**Aim of the exercise:**
Restate the listing below word for word; no picture is to be carried over.

*** Recorded data ***

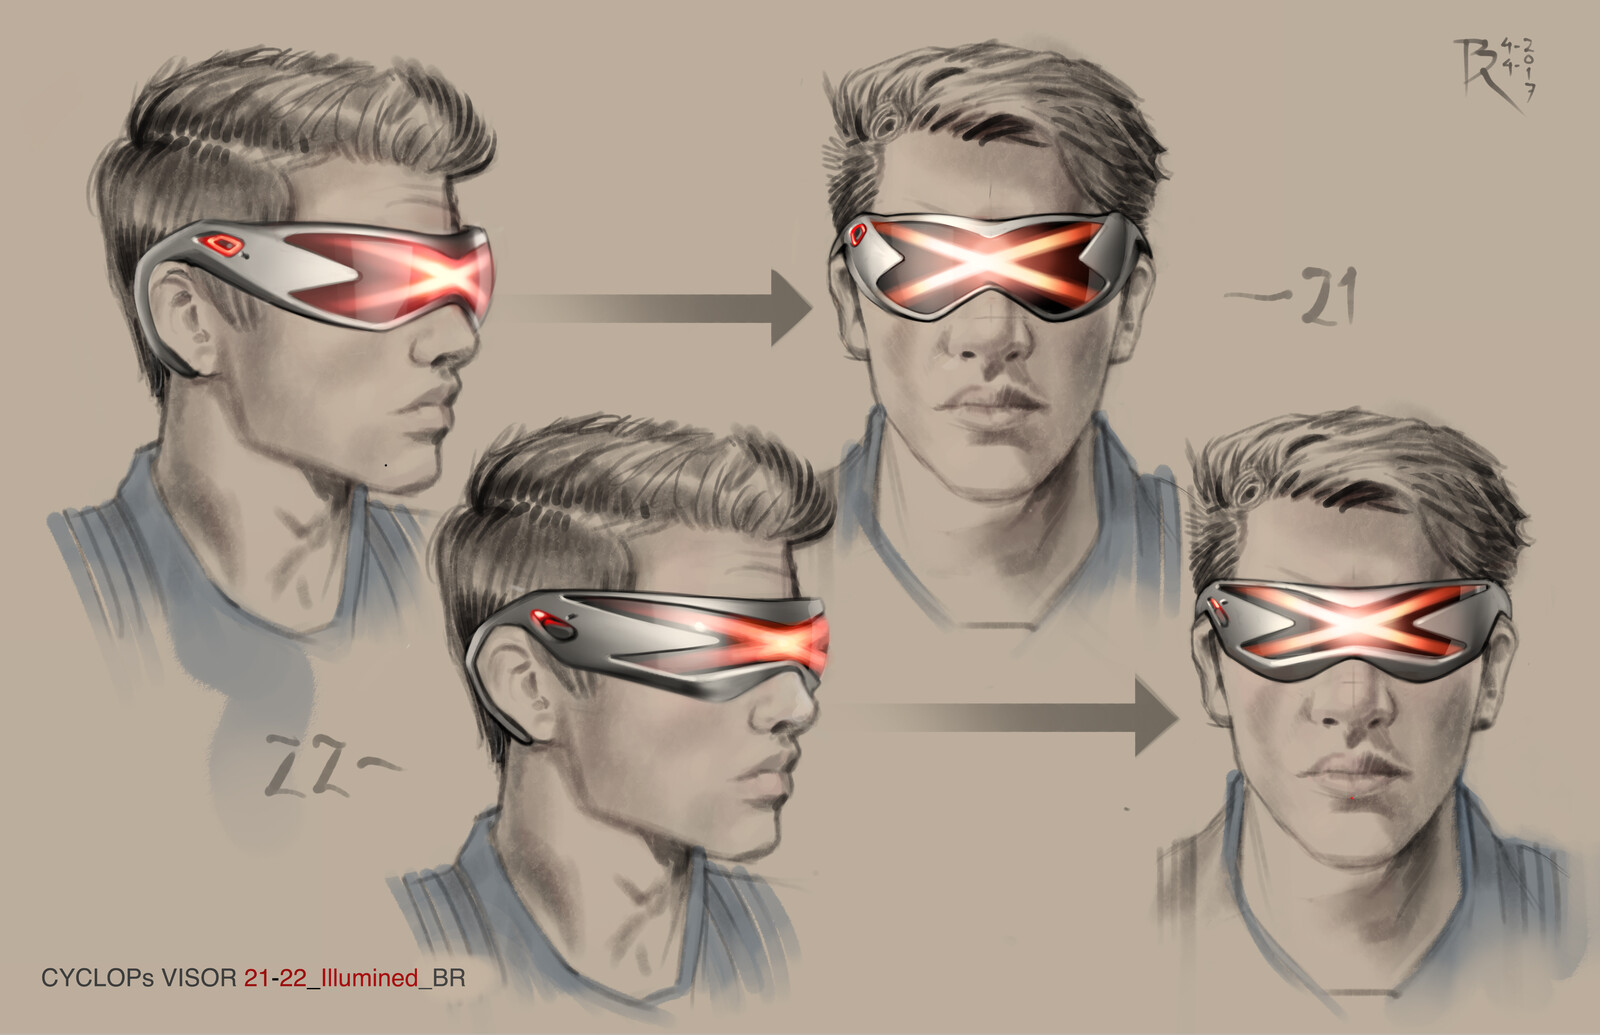 Cyclops' Visor 21-22 ILLUMINED
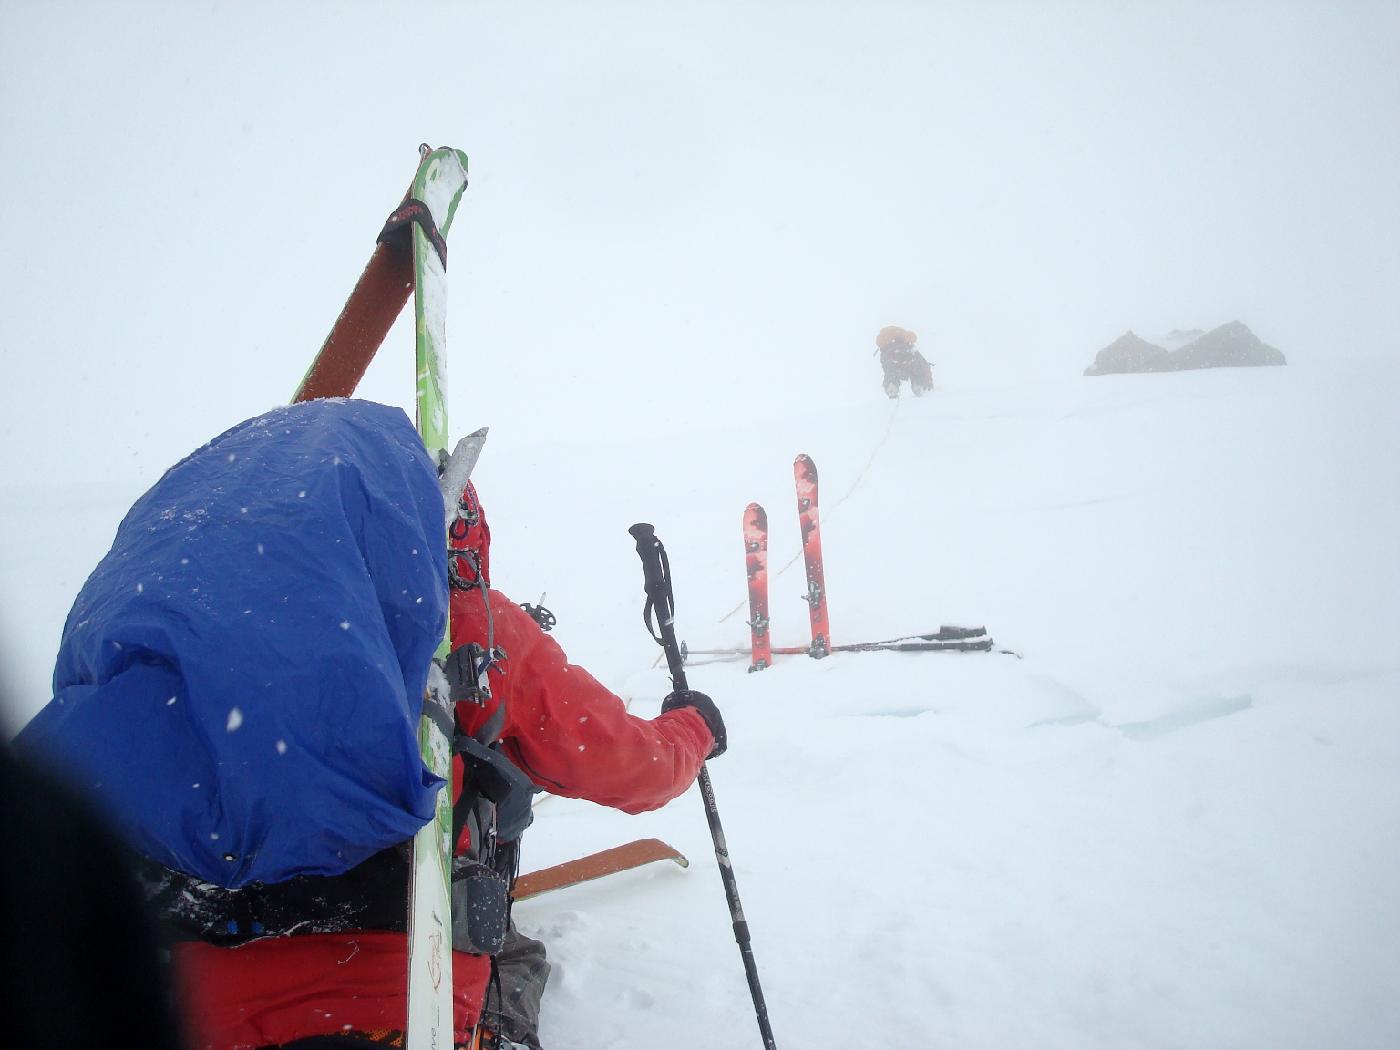 DSC03820.jpg - Monte  la Fuorcla dal Cunfin, dans le brouillard et la neige
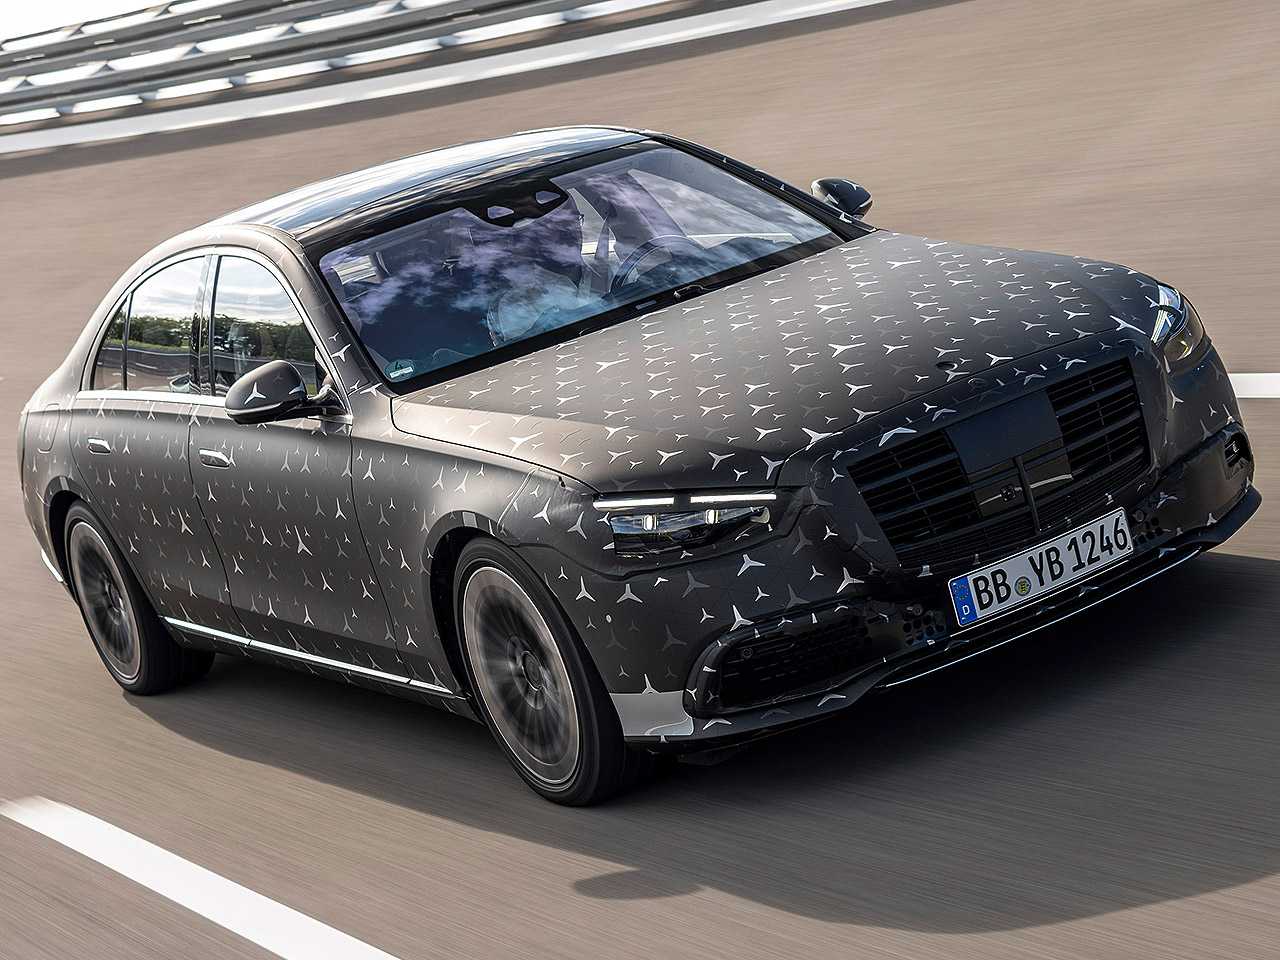 Acima a nova geração do Mercedes-Benz Classe S ainda camuflada

*** End of Recorded data ***

**Expected output:**
 Cyclops' Visor 21-22 ILLUMINED
 DSC03820.jpg - Monte  la Fuorcla dal Cunfin, dans le brouillard et la neige
 Acima a nova geração do Mercedes-Benz Classe S ainda camuflada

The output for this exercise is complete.